Second-order interaction map and subunit
The term subunit has been used extensively for referring to a functional or virtual unit that operates as a linear spatial (or spatiotemporal) filter internal to a complex cell (Livingstone and Conway 2003; Movshon et al. 1978b; Ohzawa and Freeman 1986; Rust et al. 2005). In this report, we define a subunit as a functional unit that is described by a second-order interaction profile as explained earlier. A subunit is closely related to, but is not identical to, linear filters depicted in models for complex cells (Fig. 1, B and C). As mentioned in the previous reports, a subunit contains contributions from multiple linear filters, presumably simple cells according to the hierarchical model (Hubel and Wiesel 1962) and thus does not represent a single anatomically identifiable cell.
First-order receptive fields and subunits in second-order maps are usually modulated along an axis perpendicular to the optimal orientation. We obtained their spatial extents by using a partial Hilbert transform (Hahn 1992). This method for obtaining an envelope is applicable for any multidimensional data modulated along a single axis because it does not assume a specific functional form. Alternatively, our maps could have been fitted by a model function selected a priori and its envelopes may have been extracted for subsequent analyses. A reasonable candidate for such a model function is a Gabor function, as used by most recent studies dealing with simple cell receptive fields. However, some second-order maps of complex cells may have broader flanking subregions than a central one (Szulborski and Palmer 1990). This characteristic is not captured well by a Gabor function and thus we sought to avoid fitting second-order maps by it.
Here, the partial Hilbert transform was carried out in the 2D spatial frequency domain along an axis perpendicular to the optimal orientation. First, the 2D Fourier transform of the map was computed. Then, the spatial frequency domain was divided into two mirror-symmetrical halves about the axis perpendicular to a vector pointing to the optimal orientation and spatial frequency from the origin. As a result, each half of the spatial frequency domain had spectral components that are identical in amplitude and are different in the sign of imaginary parts. The spatial frequency components in one half were shifted by 90° in phase; for the other half, they were shifted by −90° in phase. The inverse Fourier transform of the result yielded a complex signal where the real parts retained the original signal (Fig. 2E) and formed a quadrature pair with the imaginary parts (Fig. 2F). The envelope of the map (Fig. 2G) was obtained by calculating the absolute value (amplitude) of the complex signal. Because the second-order interaction maps were obtained for all dot locations in visual stimuli, some of maps were outside the complex cell receptive field and contained no signal. For these maps, the axis for the partial Hilbert transform could not be determined. Likewise, for cells without significant orientation tuning or spatial antagonism, the axis could not be determined either. Therefore for these cases, the absolute values of interaction maps themselves were used as their envelopes.

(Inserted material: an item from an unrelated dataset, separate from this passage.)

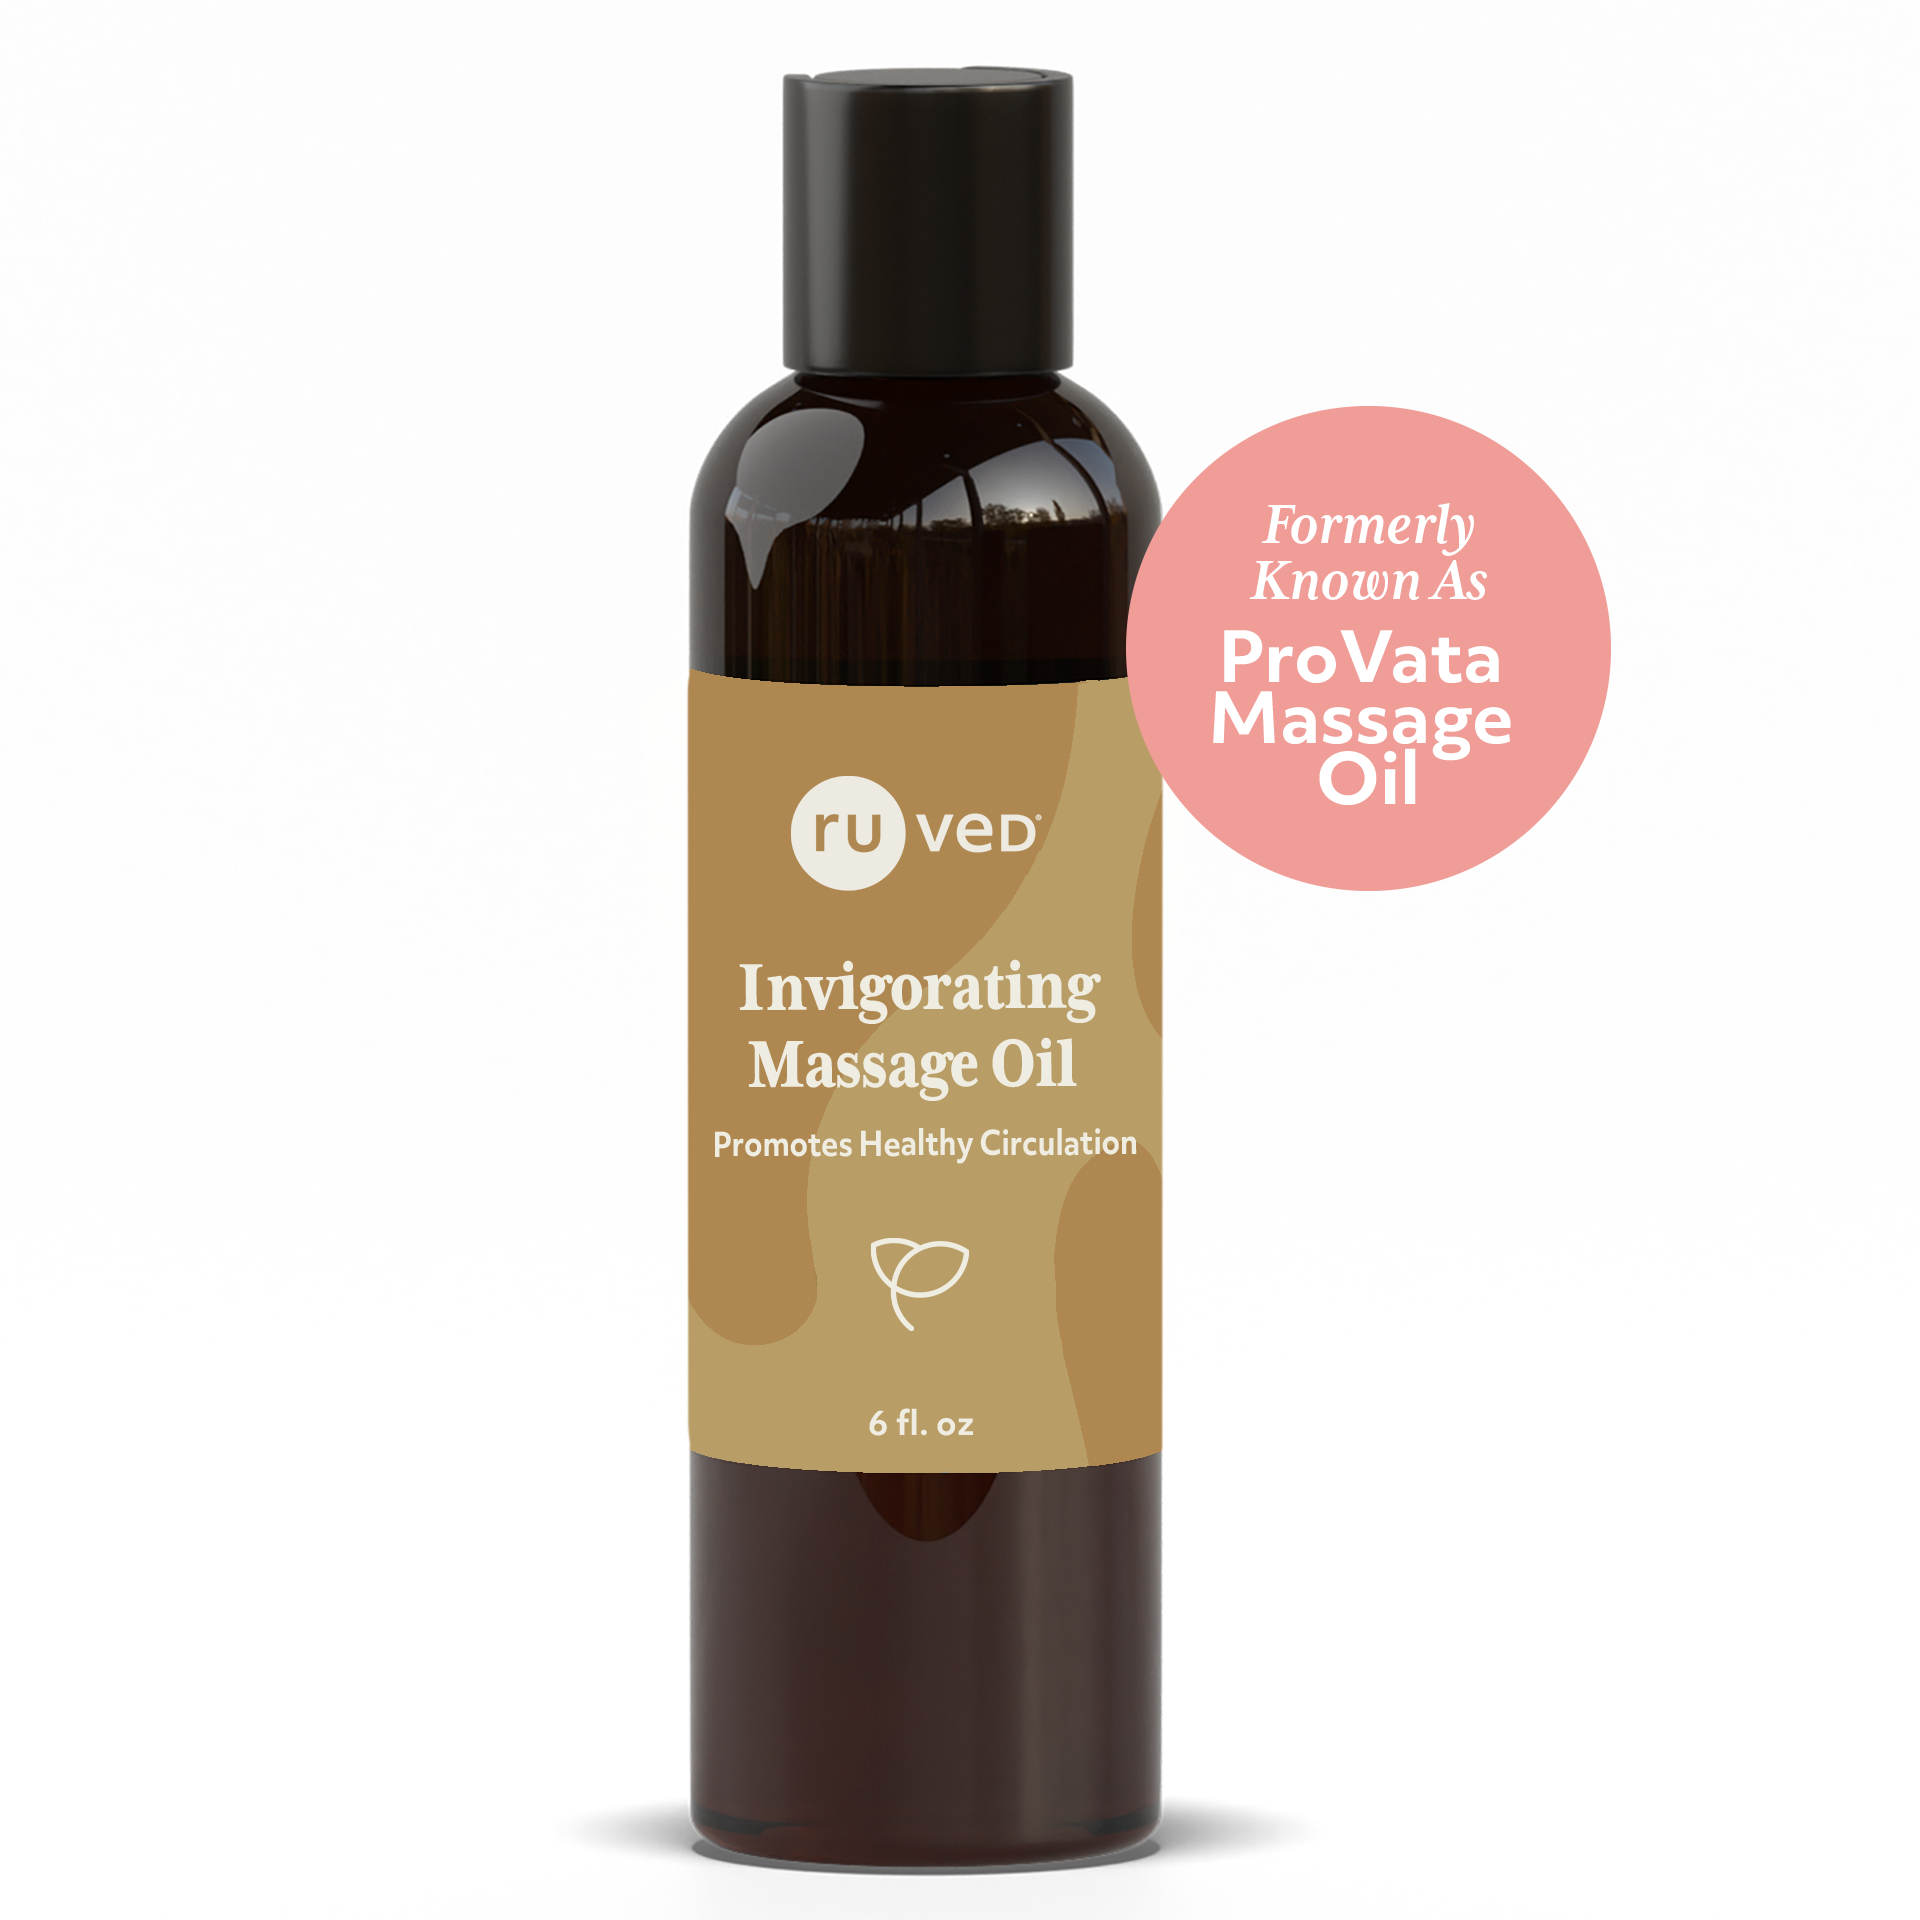 Invigorating Massage Oil - Luxurious blend of natural oils to Enhance Circulation on the skin, promoting spicy aromatics for a cold appearance. 100ml Bottle.

In previous studies, the second-order interaction maps were often averaged across all reference positions within the receptive field of a complex cell to enhance signal-to-noise ratios for a single final map (Emerson et al. 1987; Gaska et al. 1994; Livingstone and Conway 2003). This means that the six-dimensional interaction maps, h2(x1, x1 + dx, y1, y1 + dy, τ1, τ1 + dτ), were reduced to just three dimensions of dx, dy, and dτ. In this approach, the original maps were assumed to be spatially homogeneous. This assumption is justified for some complex cells (Emerson et al. 1987), but not for others (Szulborski and Palmer 1990). Therefore we examined second-order interaction maps and their envelopes for all individual reference positions separately. We assume that the strength of a second-order subunit is proportional to the collective responses of underlying linear filters contributing to that subunit. With this assumption, the overall receptive field of a complex cell may be obtained by collecting the envelopes of the second-order interaction maps. A complex cell receptive field at a correlation delay of τ was obtained as follows. First, we squared the envelopes of second-order interaction maps at a delay τ at all reference locations. The squaring operation was incorporated to approximate the effects of power-law static nonlinearities at the outputs of subunits (Gaska et al. 1994). Then, the squared envelopes were summed into a larger map (Fig. 2H) at their respective positions. Finally, its square root was computed. For further analysis, an optimal correlation delay was determined at which the amplitude of the receptive field was at maximum. We found that >95% interaction maps exhibited the strongest interactions at the optimal correlation delay. This supports that the receptive field size was estimated appropriately because of constancy in timing across interaction maps.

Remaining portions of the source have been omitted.